The reason for wasting that space is that it makes it possible to
overlay a C struct onto the leading columns of most system catalogs.
I don't wish to propose changing that (at least not today), but it
struck me that there is no reason to overlay a C struct onto index
entries, and that getting rid of the padding space would be even more
useful in an index than in the catalog itself. It turns out to be
dead easy to implement this: effectively, we just decree that the
index column storage type for NAME is always CSTRING. Because the
two types are effectively binary-compatible as long as you don't
look at the padding, the attached ugly-but-impressively-short patch
seems to accomplish this. It passes the regression tests anyway.
Here are some numbers about the space savings in a virgin database:

CVS HEAD w/patch savings

pg_database_size('postgres') 4439752 4071112 8.3%
pg_relation_size('pg_class_relname_nsp_index') 57344 40960 28%
pg_relation_size('pg_proc_proname_args_nsp_index') 319488 204800 35%

Cutting a third off the size of a system index has got to be worth
something, but is it worth a hack as ugly as this one?

regards, tom lane

#2Bruce Momjian
bruce@momjian.us
In reply to: Tom Lane (#1)
Re: Dept of ugly hacks: eliminating padding space in system indexes

I would mention in the C comment that we are doing this for space
savings, but other than that, it seems fine.

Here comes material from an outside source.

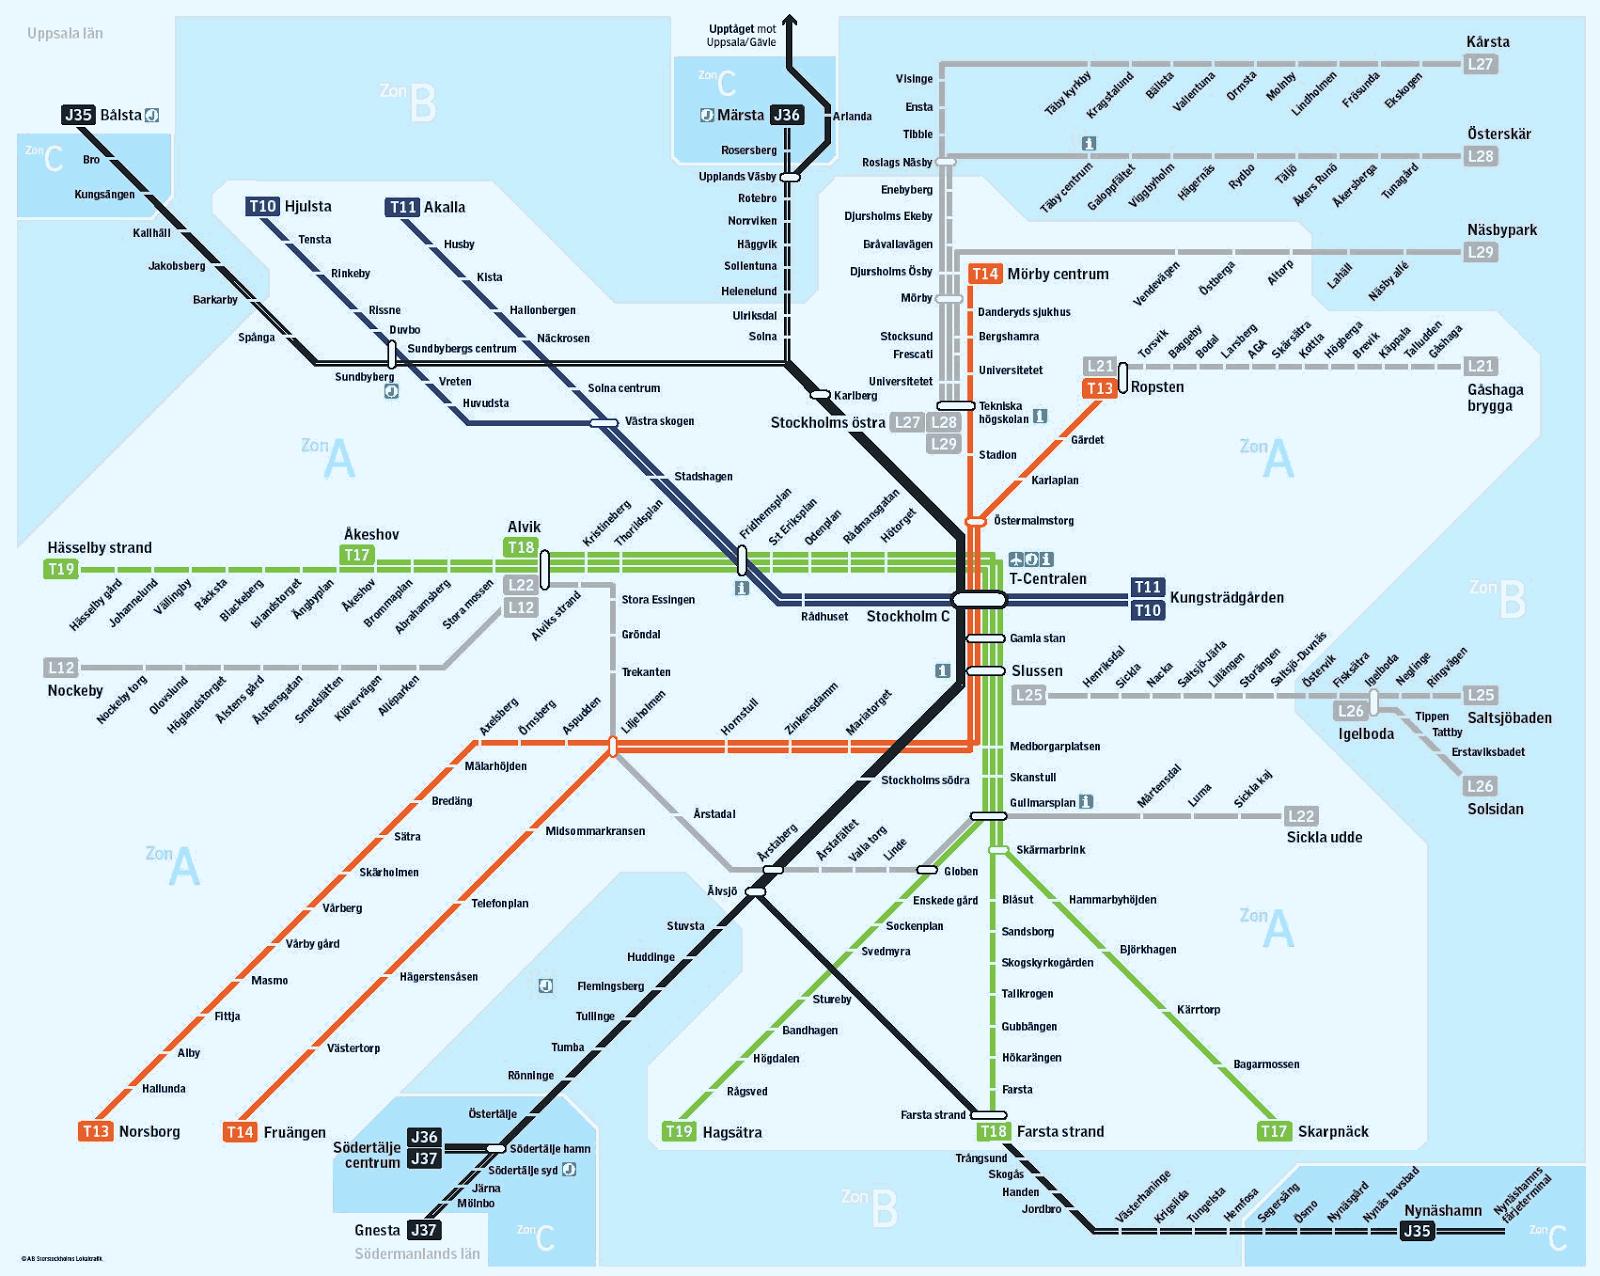 sl karta Ulf Janssons Geoblogg: SL karta ny igen sl karta

---------------------------------------------------------------------------

Tom Lane wrote:

I was thinking a bit about how we pad columns of type NAME to
fixed-width, even though they're semantically equivalent to C strings.
The reason for wasting that space is that it makes it possible to
overlay a C struct onto the leading columns of most system catalogs.
I don't wish to propose changing that (at least not today), but it
struck me that there is no reason to overlay a C struct onto index
entries, and that getting rid of the padding space would be even more
useful in an index than in the catalog itself. It turns out to be
dead easy to implement this: effectively, we just decree that the
index column storage type for NAME is always CSTRING. Because the
two types are effectively binary-compatible as long as you don't
look at the padding, the attached ugly-but-impressively-short patch
seems to accomplish this. It passes the regression tests anyway.
Here are some numbers about the space savings in a virgin database:

CVS HEAD w/patch savings

pg_database_size('postgres') 4439752 4071112 8.3%
pg_relation_size('pg_class_relname_nsp_index') 57344 40960 28%
pg_relation_size('pg_proc_proname_args_nsp_index') 319488 204800 35%

Cutting a third off the size of a system index has got to be worth
something, but is it worth a hack as ugly as this one?

regards, tom lane

Content-Description: index-name-as-cstring.patch

Index: src/backend/catalog/index.c
===================================================================
RCS file: /cvsroot/pgsql/src/backend/catalog/index.c,v
retrieving revision 1.300
diff -c -r1.300 index.c
*** src/backend/catalog/index.c	19 Jun 2008 00:46:04 -0000	1.300
--- src/backend/catalog/index.c	23 Jun 2008 19:34:54 -0000
***************
*** 262,267 ****
--- 262,278 ----
ReleaseSysCache(tuple);
}
+ 
+ 		/*
+ 		 * For an index on NAME, force the index storage to be CSTRING,
+ 		 * rather than padded to fixed length.
+ 		 */
+ 		if (to->atttypid == NAMEOID)
+ 		{
+ 			to->atttypid = CSTRINGOID;
+ 			to->attlen = -2;
+ 			to->attalign = 'c';
+ 		}
}

return indexTupDesc;

--
Sent via pgsql-hackers mailing list (pgsql-hackers@postgresql.org)
To make changes to your subscription:
http://www.postgresql.org/mailpref/pgsql-hackers

--
Bruce Momjian <bruce@momjian.us> http://momjian.us
EnterpriseDB http://enterprisedb.com

+ If your life is a hard drive, Christ can be your backup. +

#3Andrew Dunstan
andrew@dunslane.net
In reply to: Tom Lane (#1)
Re: Dept of ugly hacks: eliminating padding space in system indexes

Tom Lane wrote:

Cutting a third off the size of a system index has got to be worth
something, but is it worth a hack as ugly as this one?

I think so.

cheers

andrew

#4Simon Riggs
simon@2ndquadrant.com
In reply to: Tom Lane (#1)
Re: Dept of ugly hacks: eliminating padding space in system indexes

On Mon, 2008-06-23 at 15:52 -0400, Tom Lane wrote:

CVS HEAD w/patch savings

pg_database_size('postgres') 4439752 4071112 8.3%
pg_relation_size('pg_class_relname_nsp_index') 57344 40960 28%
pg_relation_size('pg_proc_proname_args_nsp_index') 319488 204800 35%

Cutting a third off the size of a system index has got to be worth
something, but is it worth a hack as ugly as this one?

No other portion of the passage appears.